I’m trying to use PowerShell to change a Window title to display emojis.
I can change the Window title of a process (that has a window) using…
Add-Type -TypeDefinition @"
using System;
using System.Runtime.InteropServices;
public static class Win32 {
[DllImport("User32.dll", EntryPoint="SetWindowText")]
public static extern int SetWindowText(IntPtr hWnd, string strTitle);
}
"@
$MyNotepadProcess = start-process notepad -PassThru
[Win32]::SetWindowText($MyNotepadProcess.MainWindowHandle, 'My Title')
But using SetWindowTextW just garbles the output…
Add-Type -TypeDefinition @"
using System;
using System.Runtime.InteropServices;
public static class Win32 {
[DllImport("User32.dll", EntryPoint="SetWindowTextW")]
public static extern int SetWindowTextW(IntPtr hWnd, string strTitle);
}
"@
$MyNotepadProcess = start-process notepad -PassThru
[Win32]::SetWindowTextW($MyNotepadProcess.MainWindowHandle, 'My Title')

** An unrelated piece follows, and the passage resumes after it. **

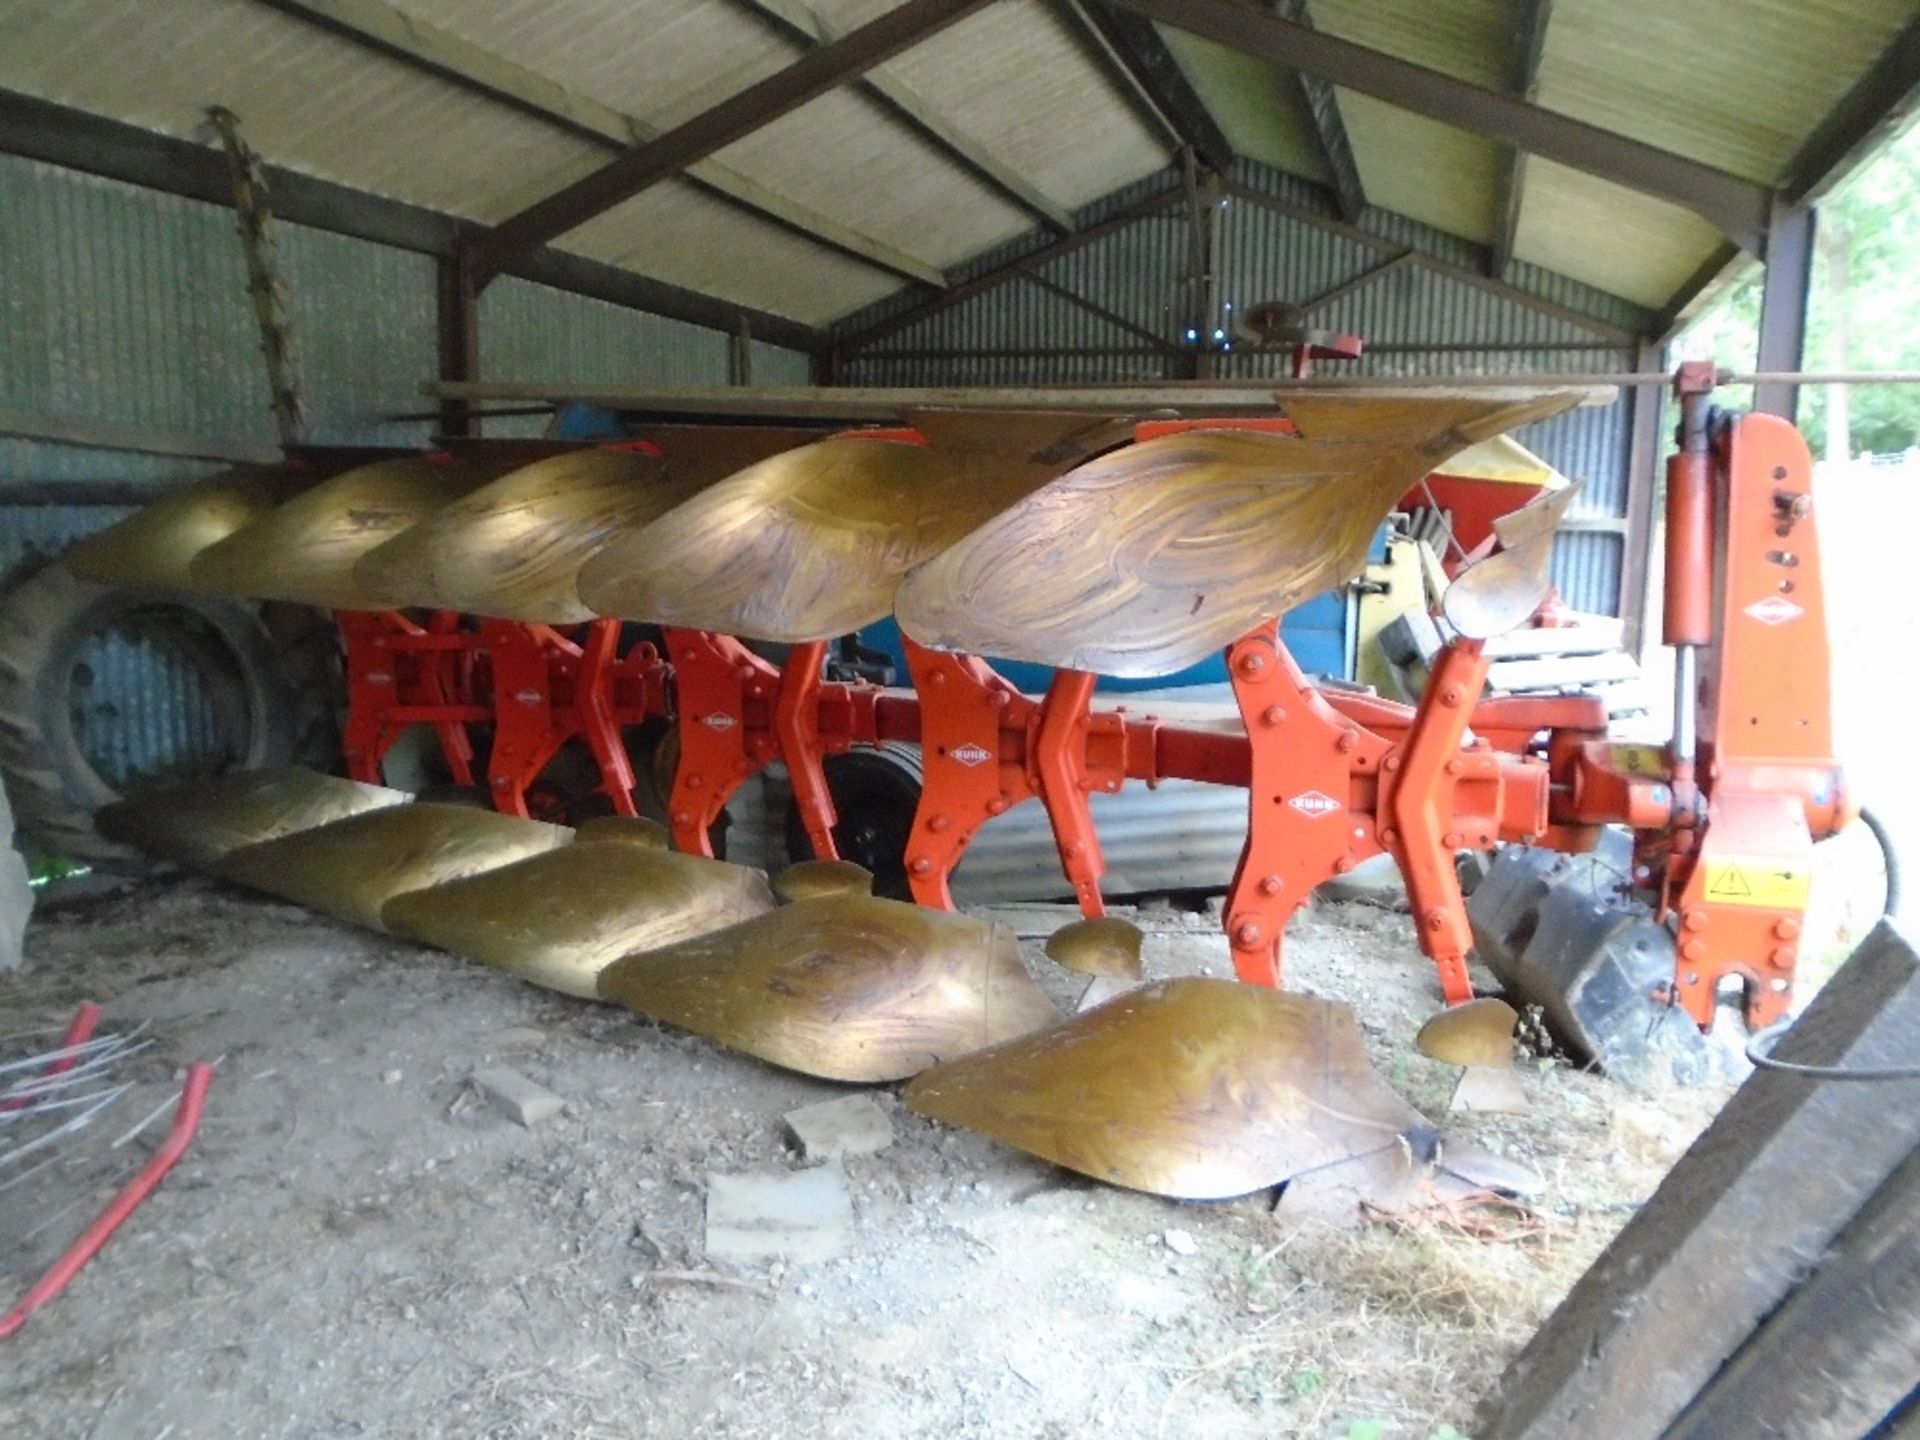 2012 Kuhn multi master 5 furrow plough, done approx. 500 acres

One issue I think I have, is that SetWindowTextW only accept wide string, but I don’t know how to provide that as input.
And then I need to add the emojis using the UniCode numbers as in `u{1F600} (that’s a 🙂 too you).
(See Get Started with Win32 and C++ – Working with Strings)
>Solution :
The simplest way to ensure that the Unicode version of a WinAPI function is called properly is to:
-
Add
CharSet=CharSet.Unicodeto the[DllImport]attribute. -
Omit the
Wsuffix from the function name.
// Note the use of "CharSet=CharSet.Unicode" and
// the function name *without suffix*
[DllImport("User32.dll", CharSet=CharSet.Unicode)]
public static extern int SetWindowText(IntPtr hWnd, string strTitle);
This ensures that SetWindowTextW, i.e. the Unicode implementation of the function is called, and that .NET marshals the .NET string essentially as-is as as a native LPCWSTR string, i.e. as a null-terminated array of Unicode code units.